Filed Pursuant to Rule 424(b)(3)
Registration No. 333-169533
COLE CREDIT PROPERTY TRUST IV, INC.
SUPPLEMENT NO. 22 DATED JANUARY 28, 2014
TO THE PROSPECTUS DATED MAY 1, 2013
This document supplements, and should be read in conjunction with, the prospectus of Cole Credit Property Trust IV, Inc. dated May 1, 2013 and Supplement No. 21 dated January 10, 2014, which superseded and replaced all previous supplements to the prospectus. Unless otherwise defined in this supplement, capitalized terms used in this supplement shall have the same meanings as set forth in the prospectus.
The purpose of this supplement is to describe the status of the offering of shares of Cole Credit Property Trust IV, Inc. and a revised policy regarding the acceptance of subscriptions in connection with the closing of the primary offering.
Status of Our Public Offering and Revised Policy Regarding Acceptance of Subscriptions
The registration statement for our initial public offering of $2,975,000,000 in shares of common stock was declared effective by the Securities and Exchange Commission on January 26, 2012. We are offering up to 290,000,000 shares in a primary offering and up to approximately 7,894,736 shares pursuant to our distribution reinvestment plan.
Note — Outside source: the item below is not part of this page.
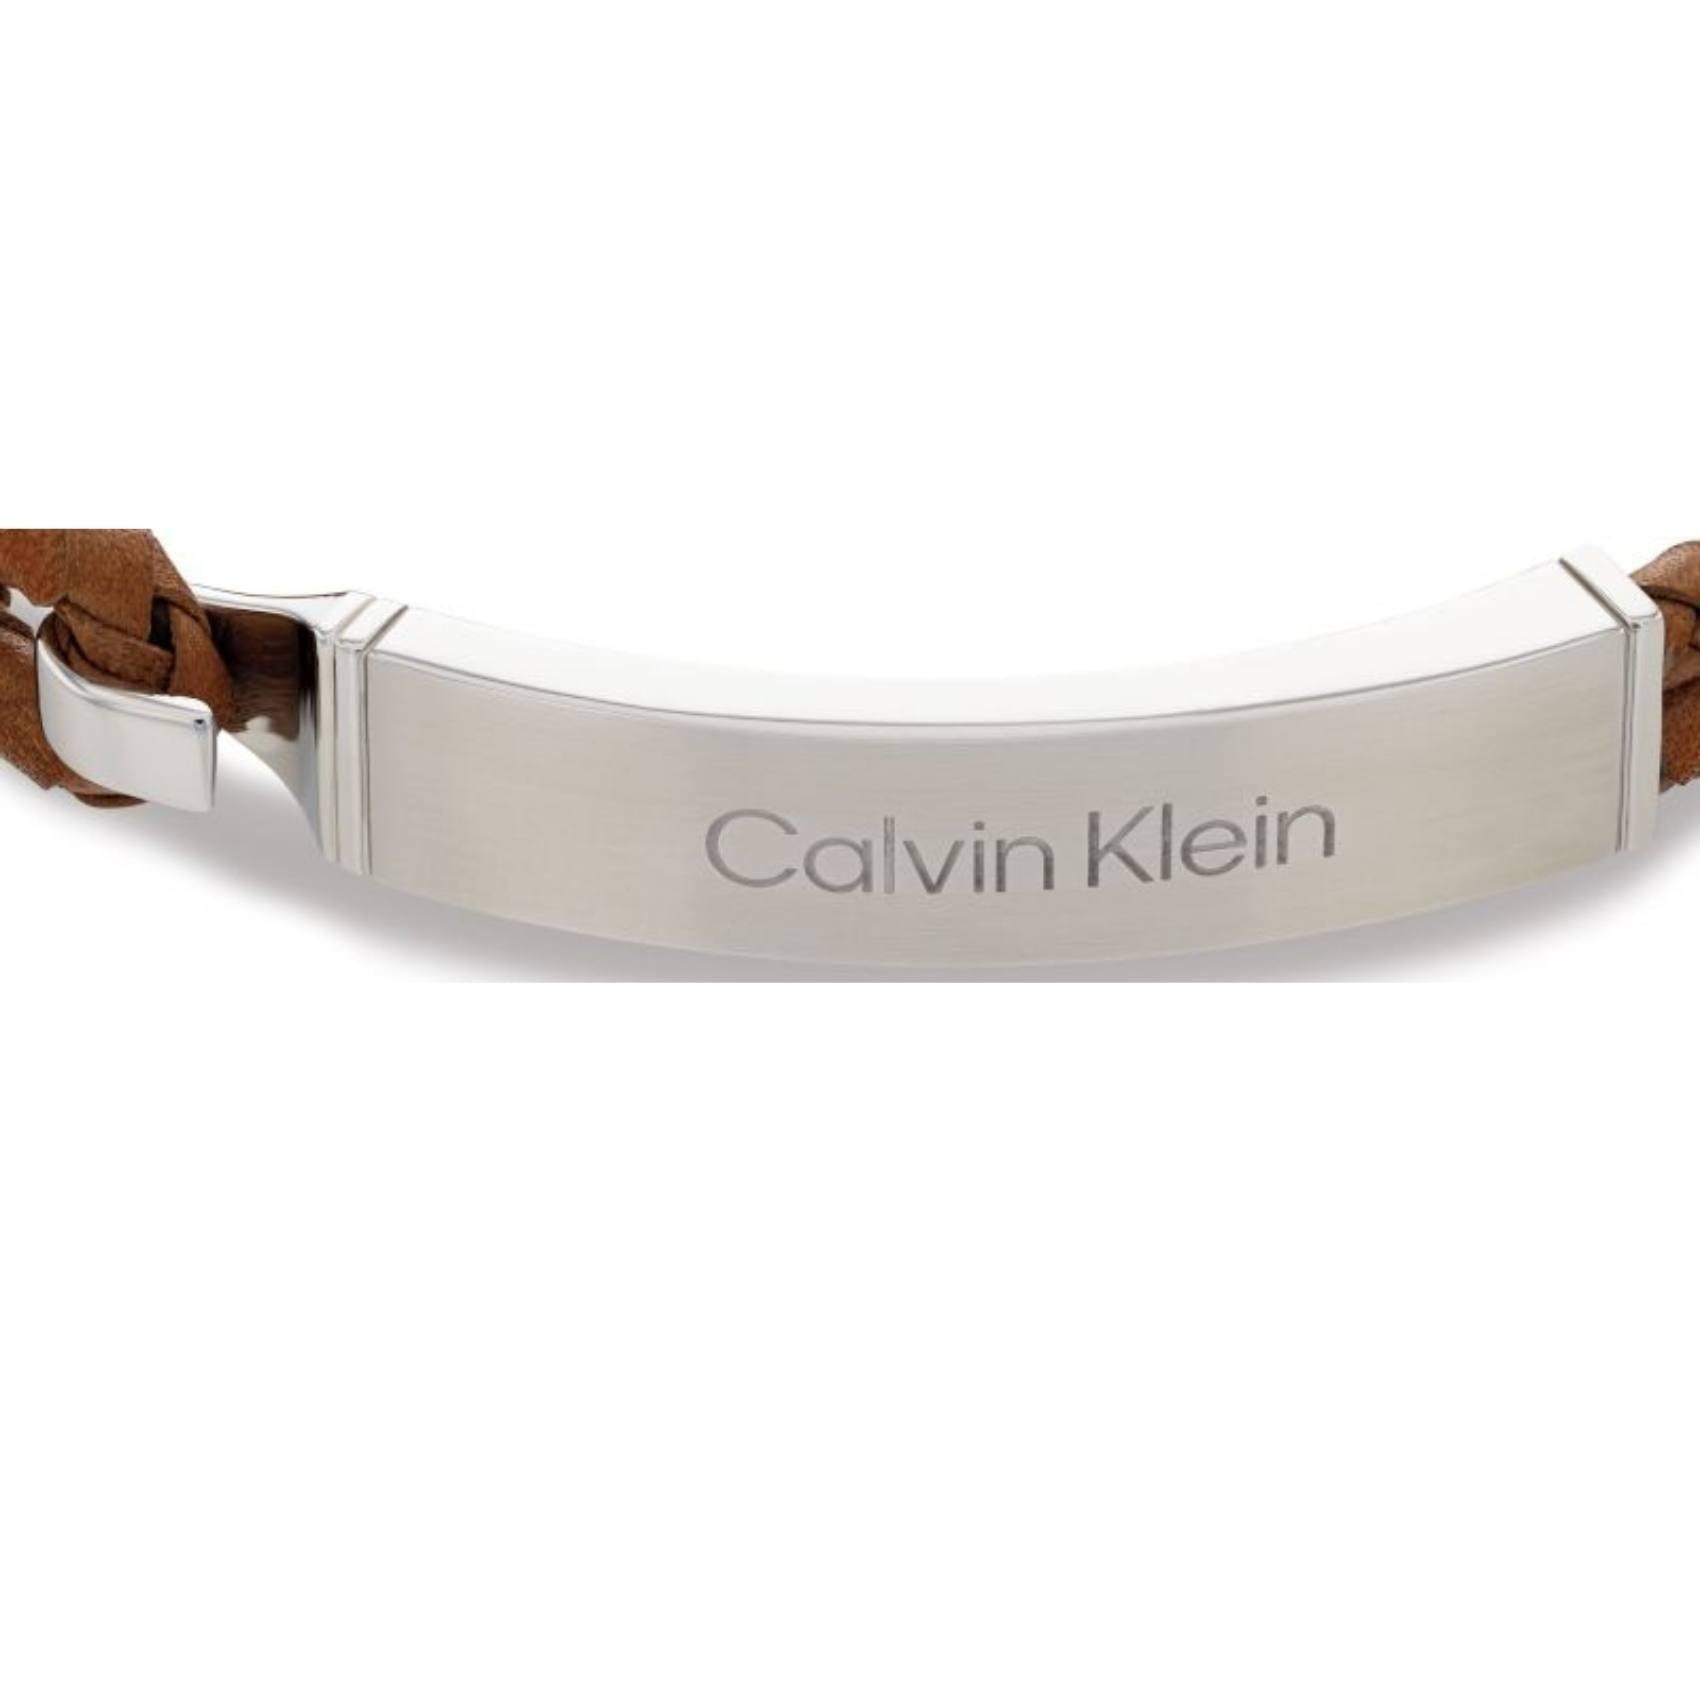 Ανδρικό βραχιόλι Calvin Klein 35000405 από καφέ δέρμα με ασημί αγκράφα.

As of January 27, 2014, we had accepted investors’ subscriptions for, and issued, a total of approximately 234.0 million shares of our common stock in our offering, resulting in gross proceeds to us of approximately $2.3 billion, consisting of approximately 230.5 million shares of our common stock in our primary offering, resulting in gross proceeds to us of approximately $2.3 billion, and approximately 3.5 million shares of our common stock pursuant to our distribution reinvestment plan, resulting in gross proceeds to us of approximately $33.7 million.
We previously disclosed that our board of directors has approved closing the primary portion of our offering on February 28, 2014, unless all shares being offered have been sold prior to that date, in which case the offering will be terminated. If all of the shares we are offering have not been sold by February 28, 2014, our board of directors may extend the primary offering as permitted under applicable law. We have revised our policy with respect to the acceptance of subscriptions in connection with the closing of our primary offering. Subject to availability of shares, our general policy is to accept subscription agreements for our primary offering if they are signed and dated by the investor on or before February 28, 2014 and are received in good order and fully funded no later than the close of business on April 30, 2014.
We intend to continue to sell shares of our common stock in this offering pursuant to our distribution reinvestment plan following the termination of our primary offering.
The offering must be registered in every state in which we offer or sell shares. Generally, such registrations are for a period of one year. Thus, we may have to stop selling shares in any state in which our registration is not renewed or otherwise extended annually. We reserve the right to terminate this offering at any time prior to the stated termination date.
All references in the prospectus to our policy with respect to the acceptance of subscriptions in connection with the closing of our primary offering are hereby supplemented and revised accordingly.